Exercise requirements:
Please transcribe the data that follows exactly as given, leaving out every picture.
:: Given information ::
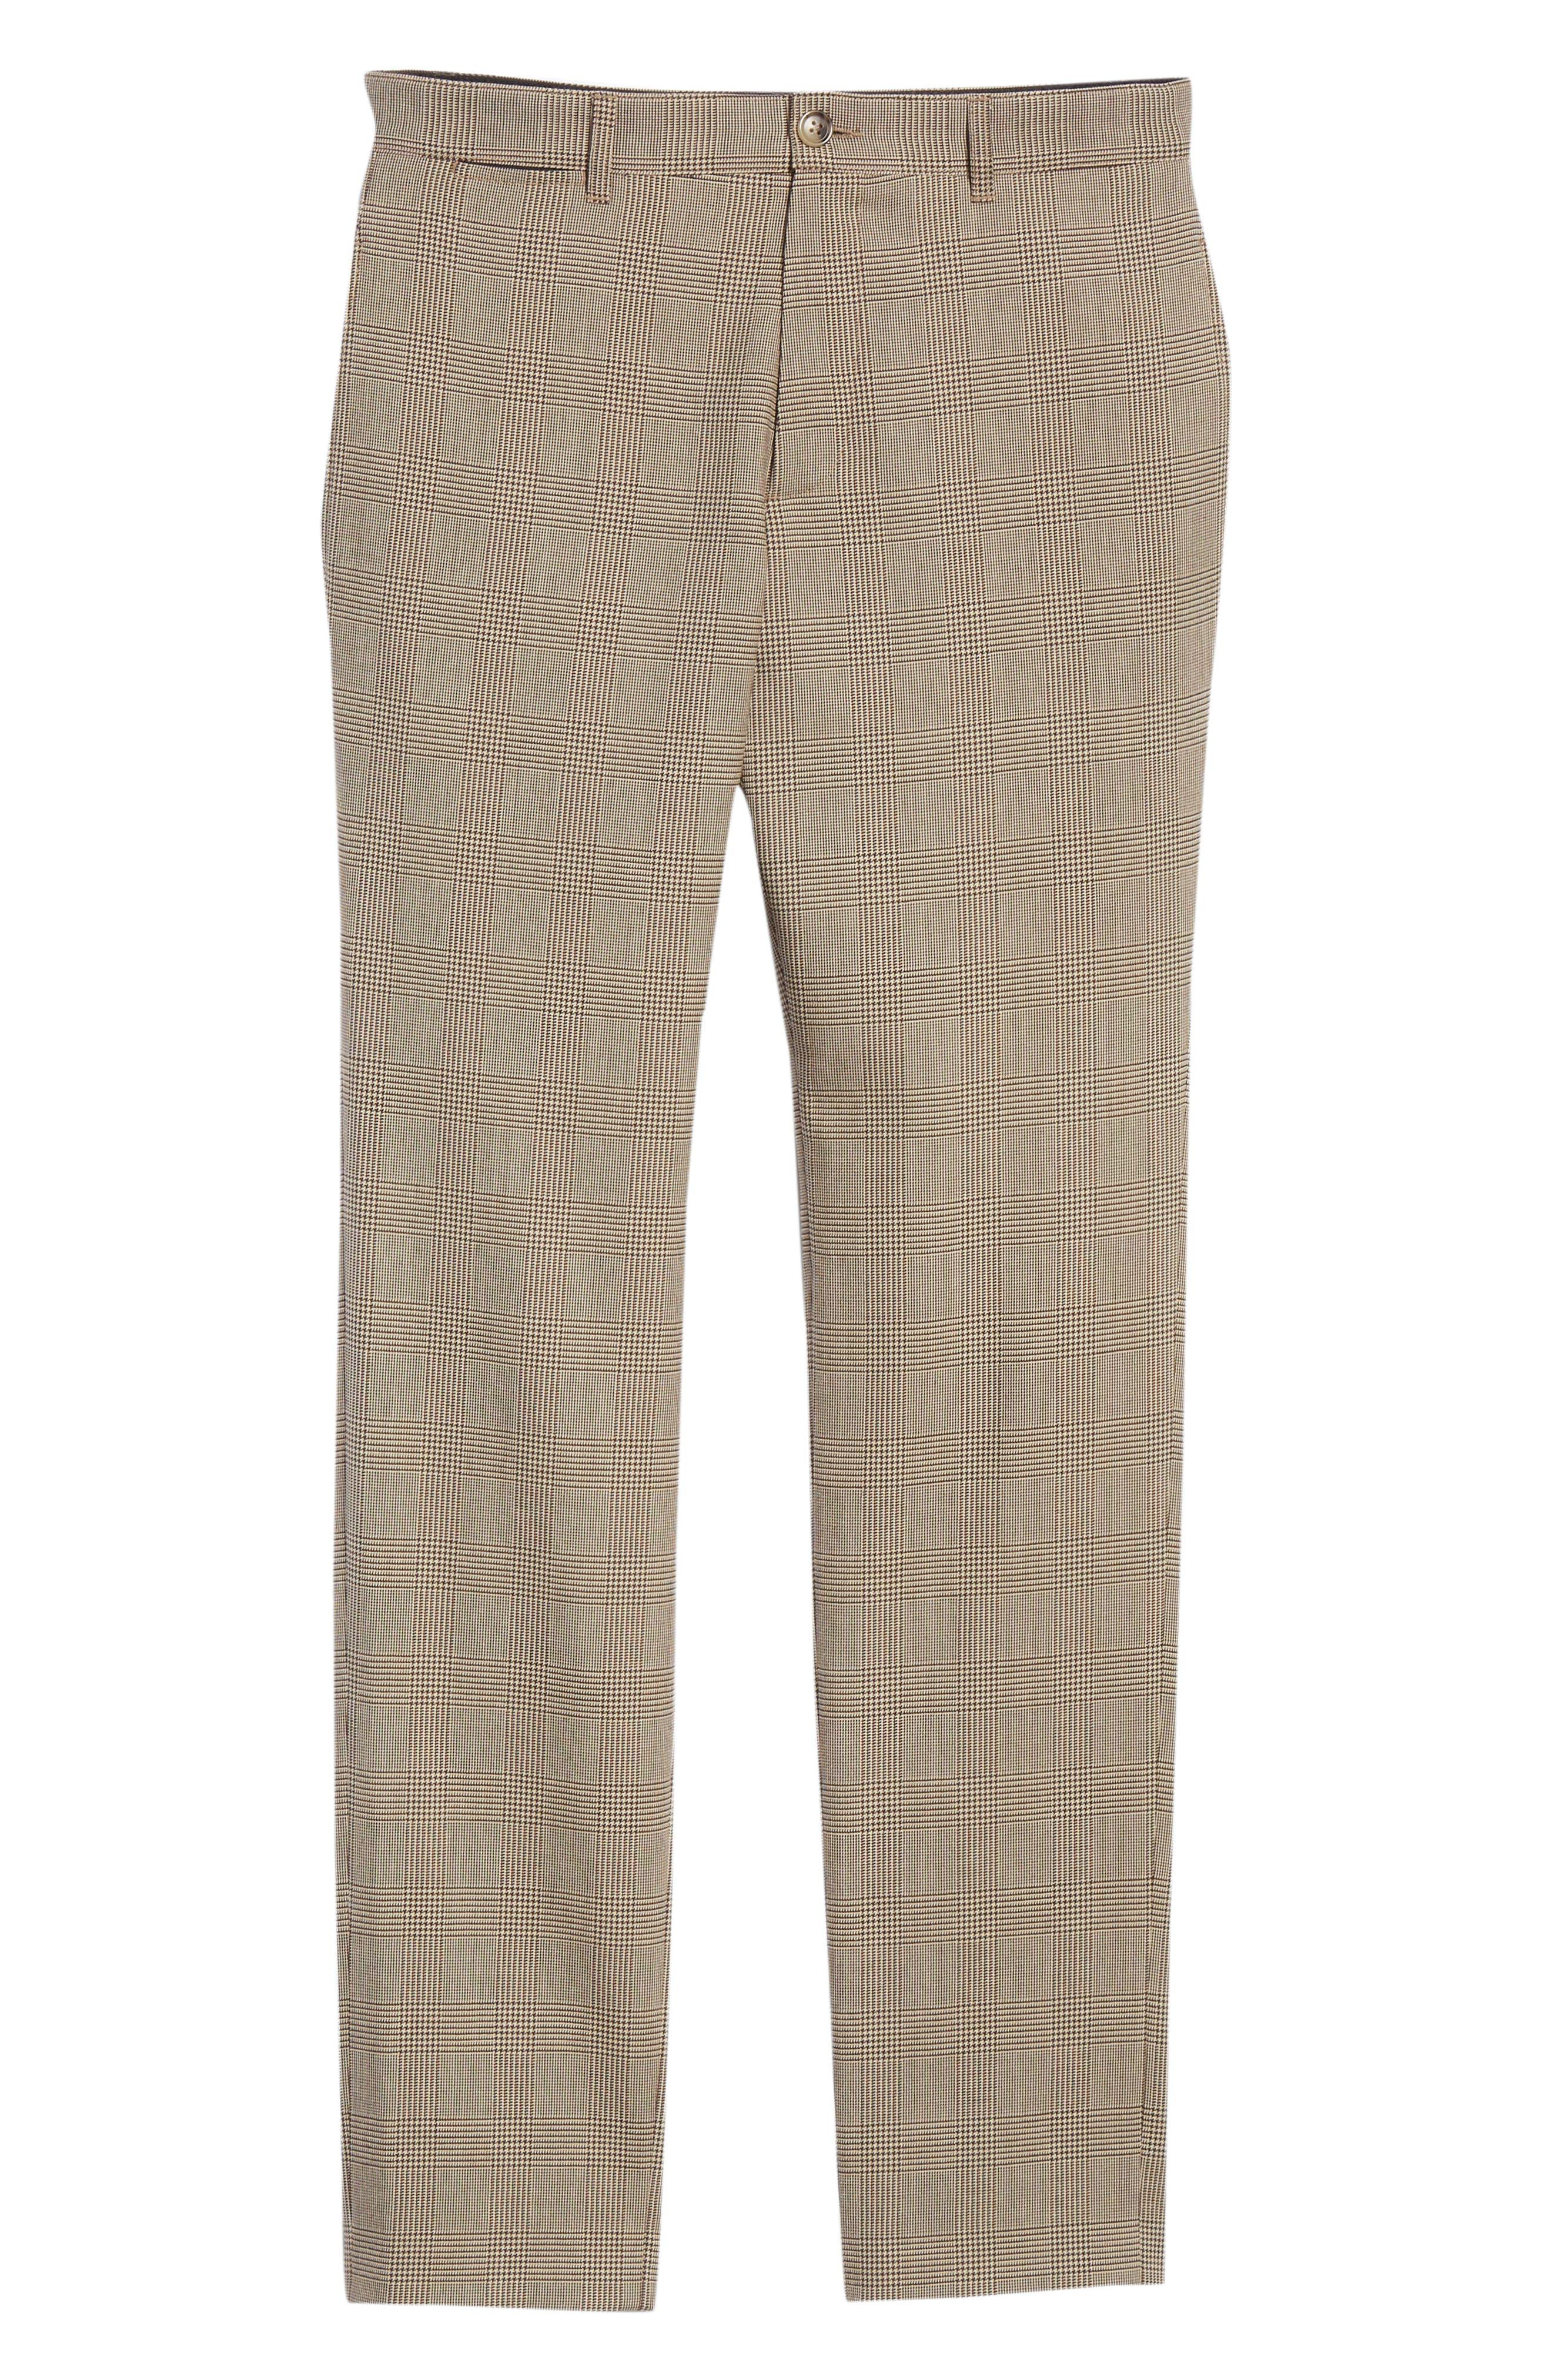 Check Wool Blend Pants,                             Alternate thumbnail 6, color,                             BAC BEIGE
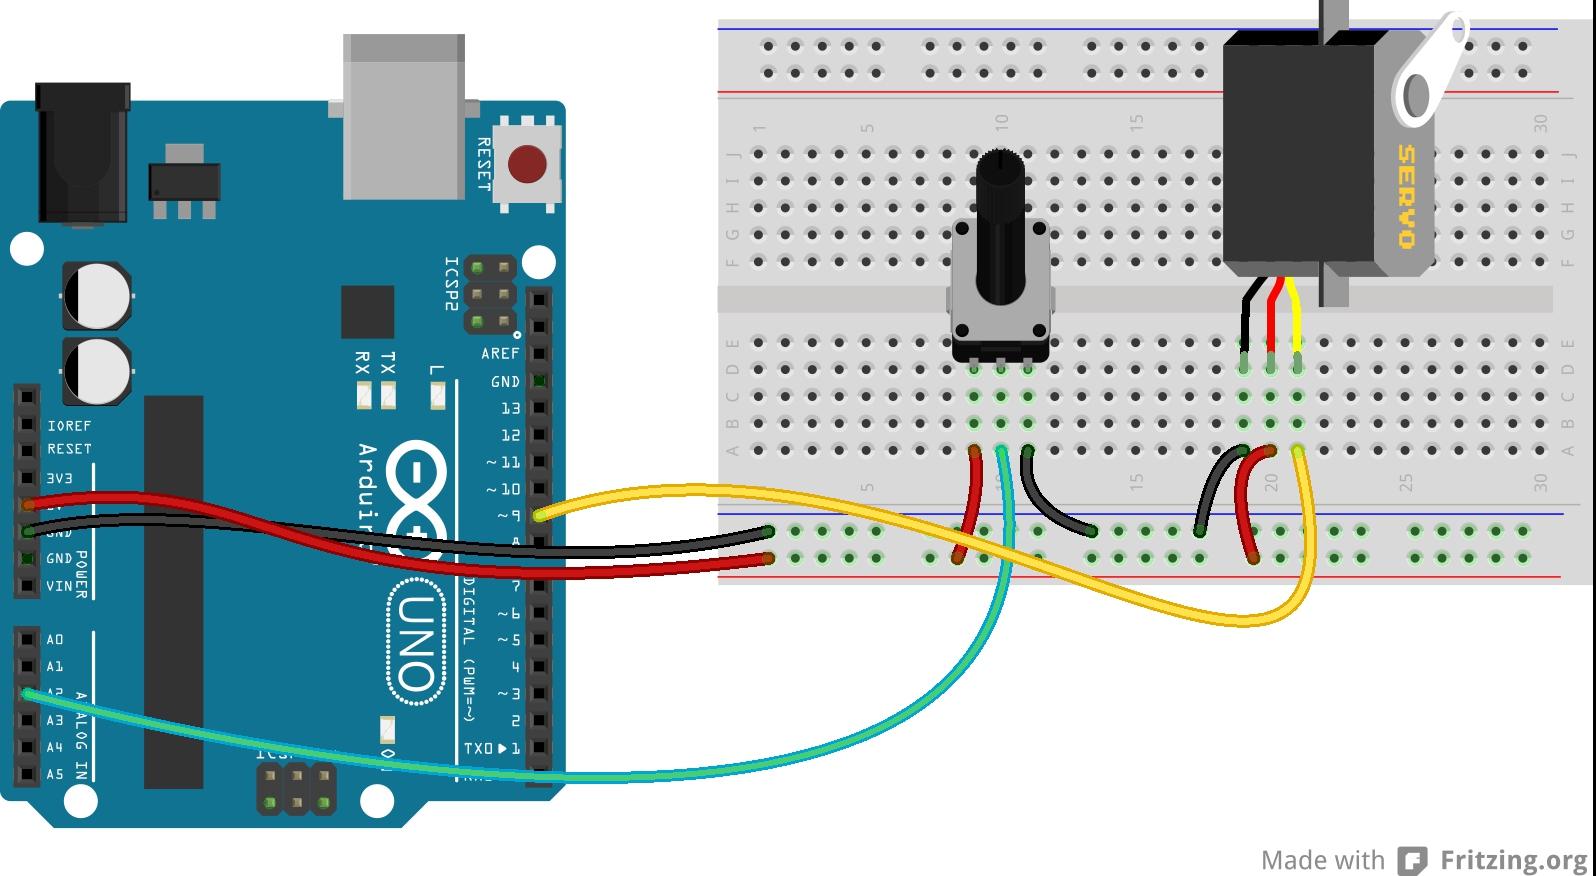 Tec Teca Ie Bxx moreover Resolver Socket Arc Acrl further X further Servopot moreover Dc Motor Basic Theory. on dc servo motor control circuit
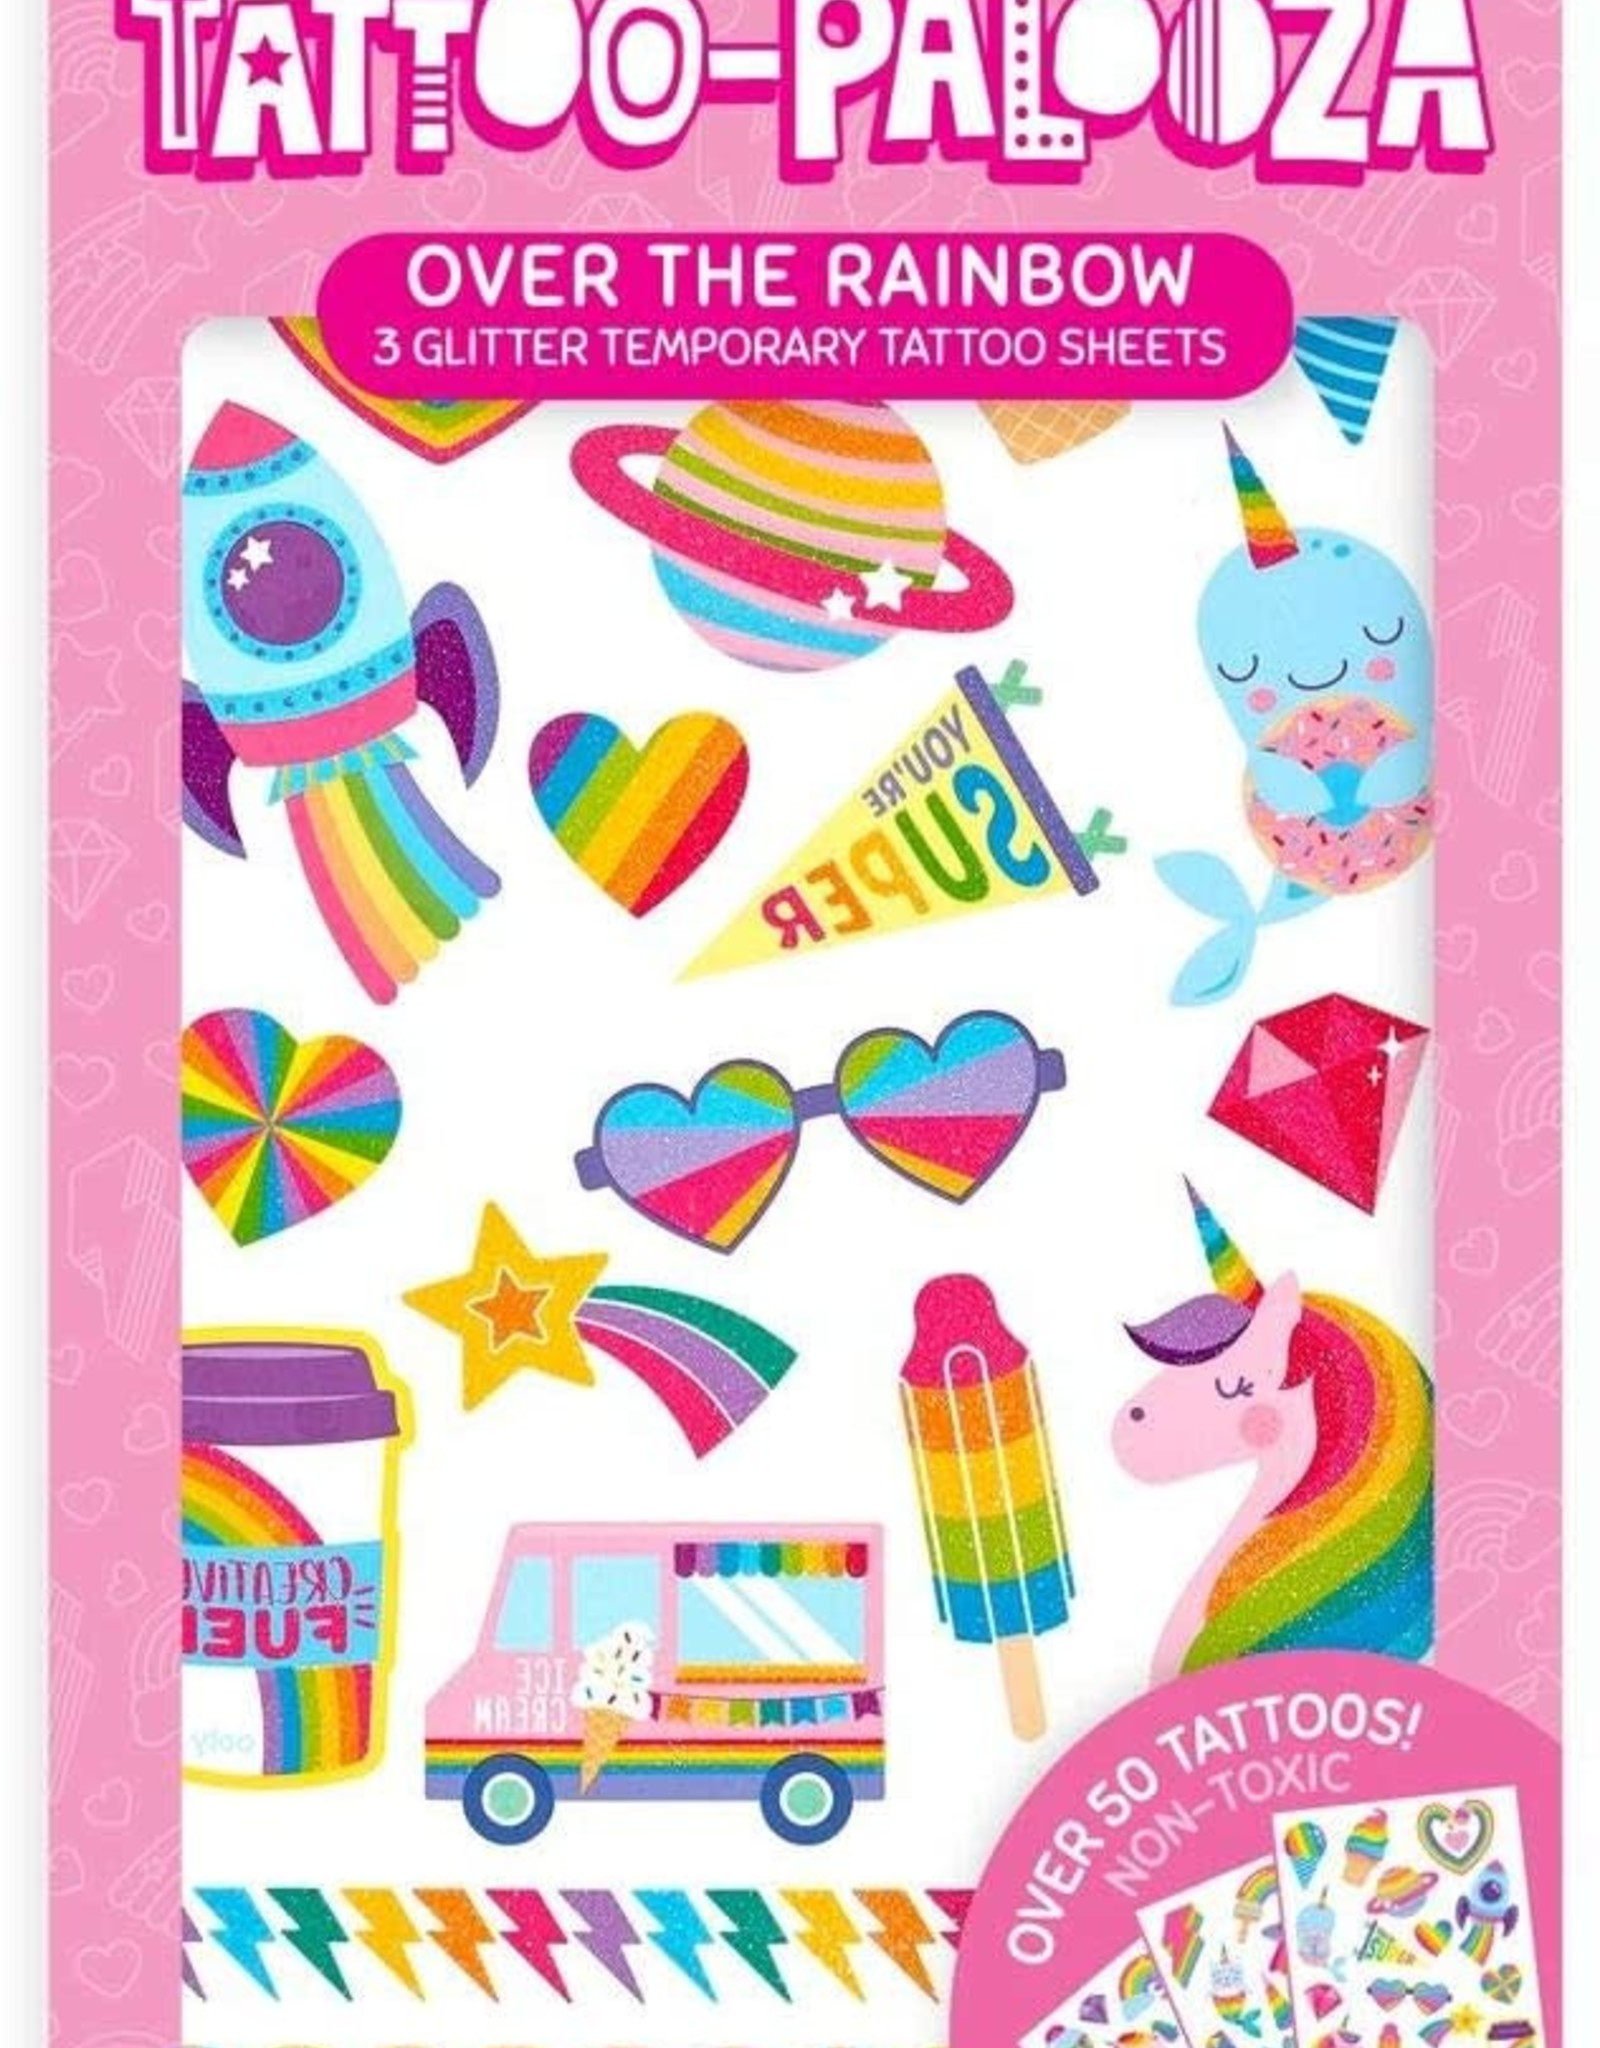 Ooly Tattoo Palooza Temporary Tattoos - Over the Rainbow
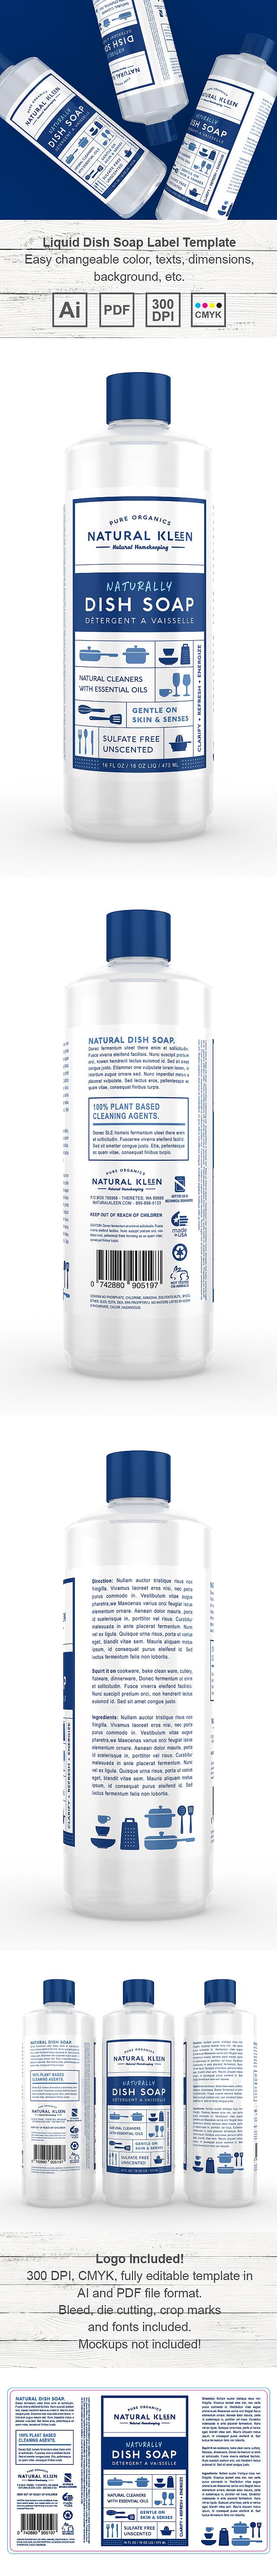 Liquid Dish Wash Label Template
:::
Solution for this task:
 Check Wool Blend Pants,                             Alternate thumbnail 6, color,                             BAC BEIGE
 Tec Teca Ie Bxx moreover Resolver Socket Arc Acrl further X further Servopot moreover Dc Motor Basic Theory. on dc servo motor control circuit
 Ooly Tattoo Palooza Temporary Tattoos - Over the Rainbow
 Liquid Dish Wash Label Template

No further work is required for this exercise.